The first notable lesson from the case study of HAL® is that Cyberdyne compared existing institutions and regulations globally and then adopted an optimization strategy (institutional arbitrage) in order to ensure safety and realize quick market introduction. Secondly, we can learn from the rulemaking process taken by Cyberdyne when specific regulations didn't exist. Cyberdyne itself became a rule-maker for international standards by establishing systematic safety standards through demonstration projects based on overseas partnerships and projects based in International Strategic Comprehensive Special Zones and National Strategic Special Zones.
"Fictions" Chosen in Global Competition
There is no one-size-fits-all solution to how nations can provide appropriate "fictions" that will be chosen by multinational corporations. But let me provide some policy implications.

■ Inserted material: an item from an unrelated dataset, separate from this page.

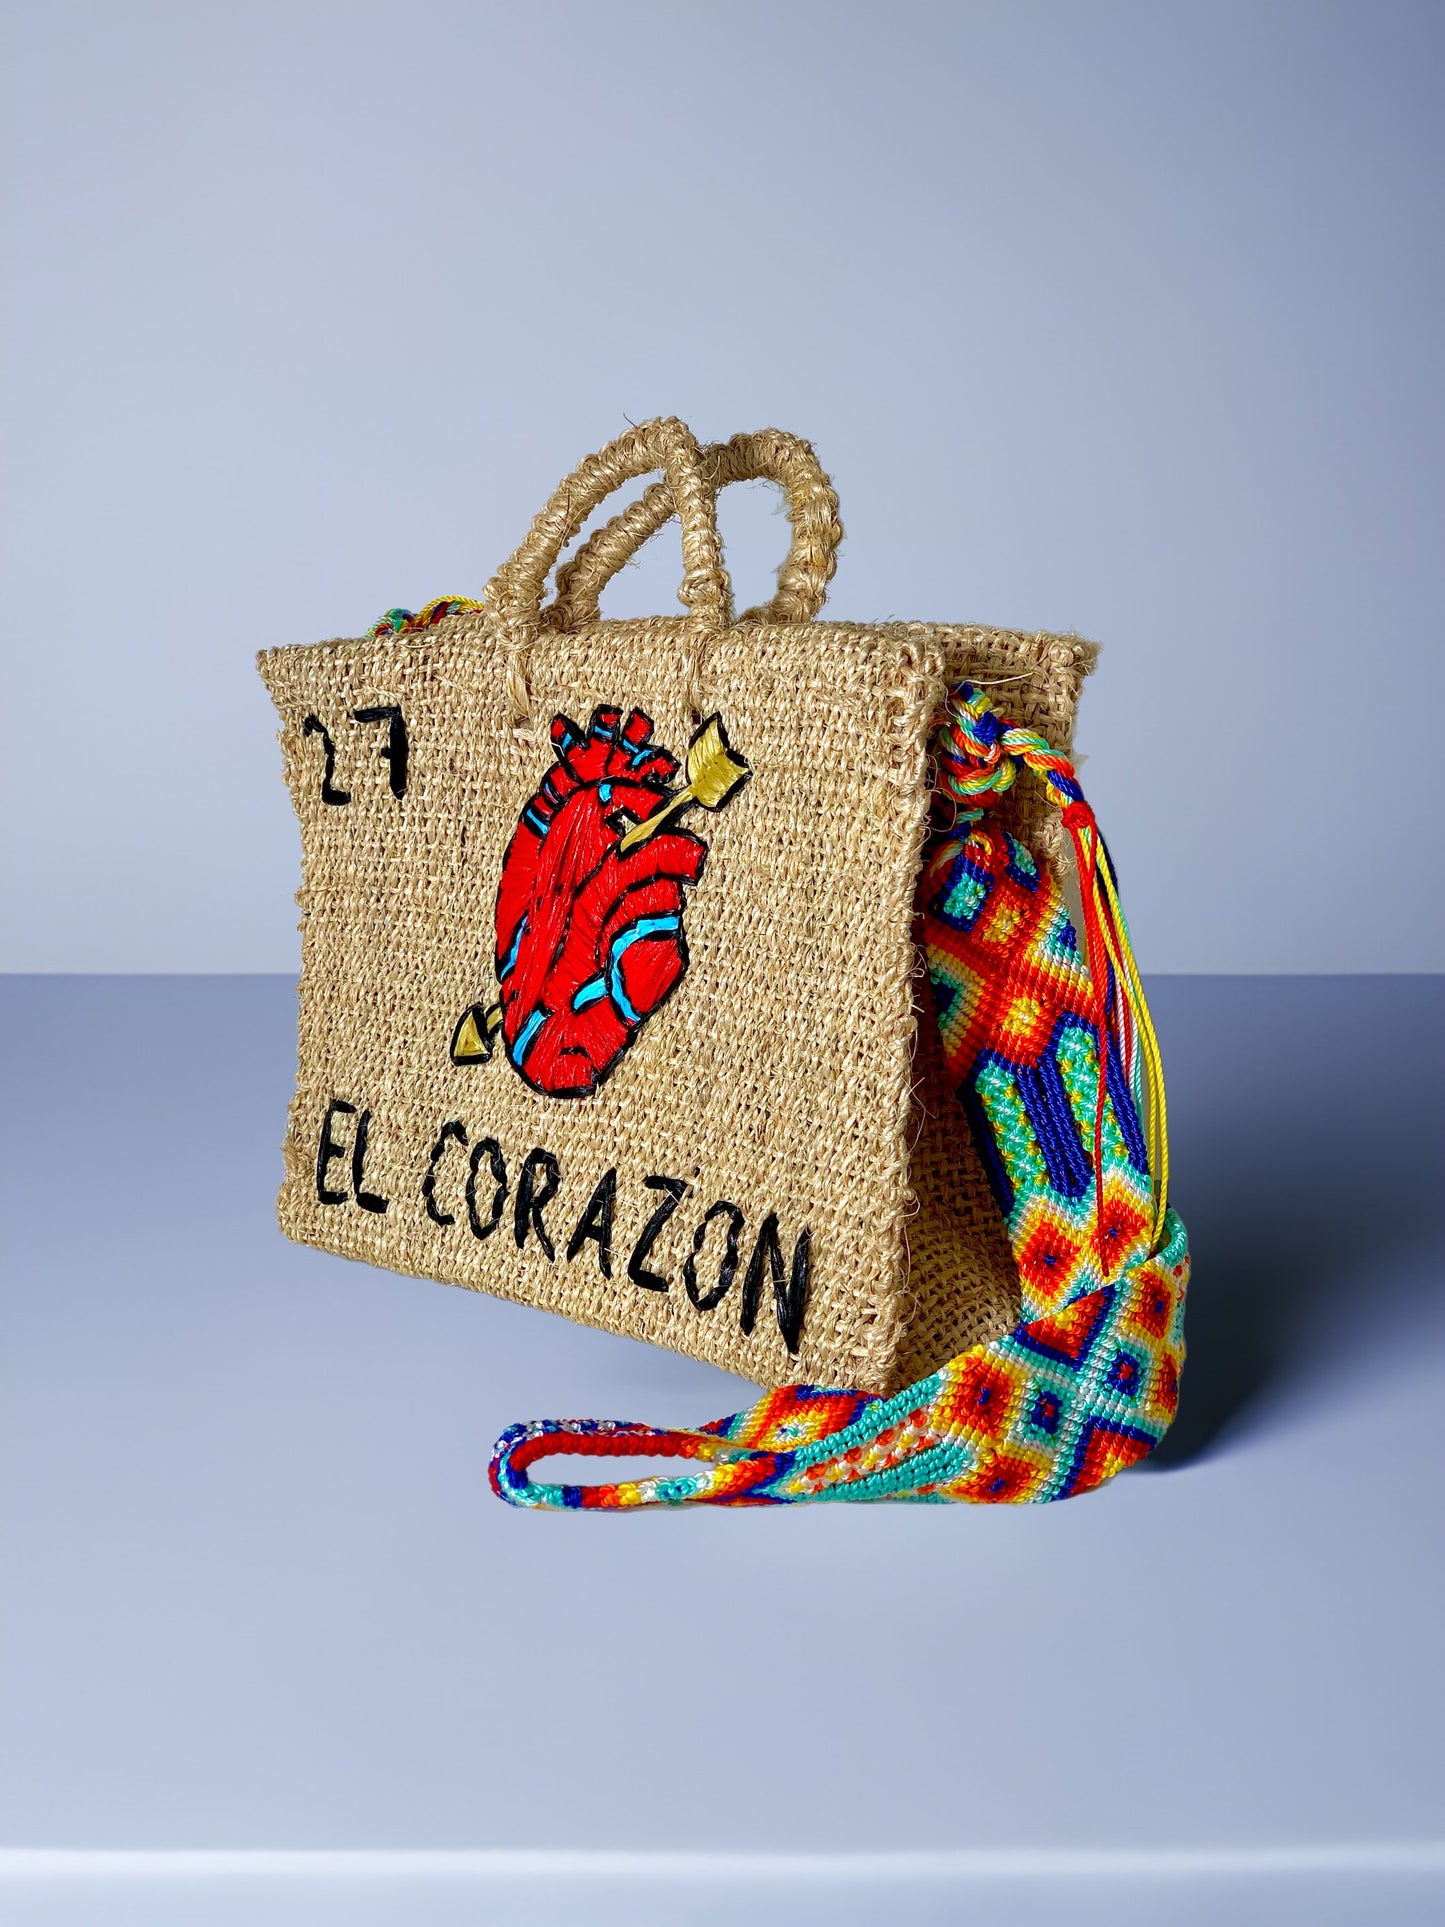 El Corazon lottery henequen bag

First, from the perspective of governance, it is difficult to put appropriate and comprehensive regulations in place in advance because emerging technologies develop so fast. So, in terms of institutional design and governance, it is commonly understood that flexibility, adaptability, and agility are of vital importance.
Also, under the fourth Industrial Revolution, the times have changed from the days when value was generated from a single thing or object. Today, the combination of multiple elements such as the link between things and between things and human beings constitutes a system from which new value is created. In these circumstances, system- or architecture-based thinking, rather than component-based thinking, has been increasingly required with regard to the design and management of products and services and related rulemaking.
More players are now participating in the rulemaking process. For example, we see more organized efforts to actively shape rules. Business operators and lawyers are taking active roles in supporting the lobbying activities of venture companies along with public policy departments within companies. As the field of public-private co-creation is expanding, we may need to consider again how public and private sectors can cooperate so that innovation-driving companies can work effectively as rule-makers or key actors in institutional arbitrage.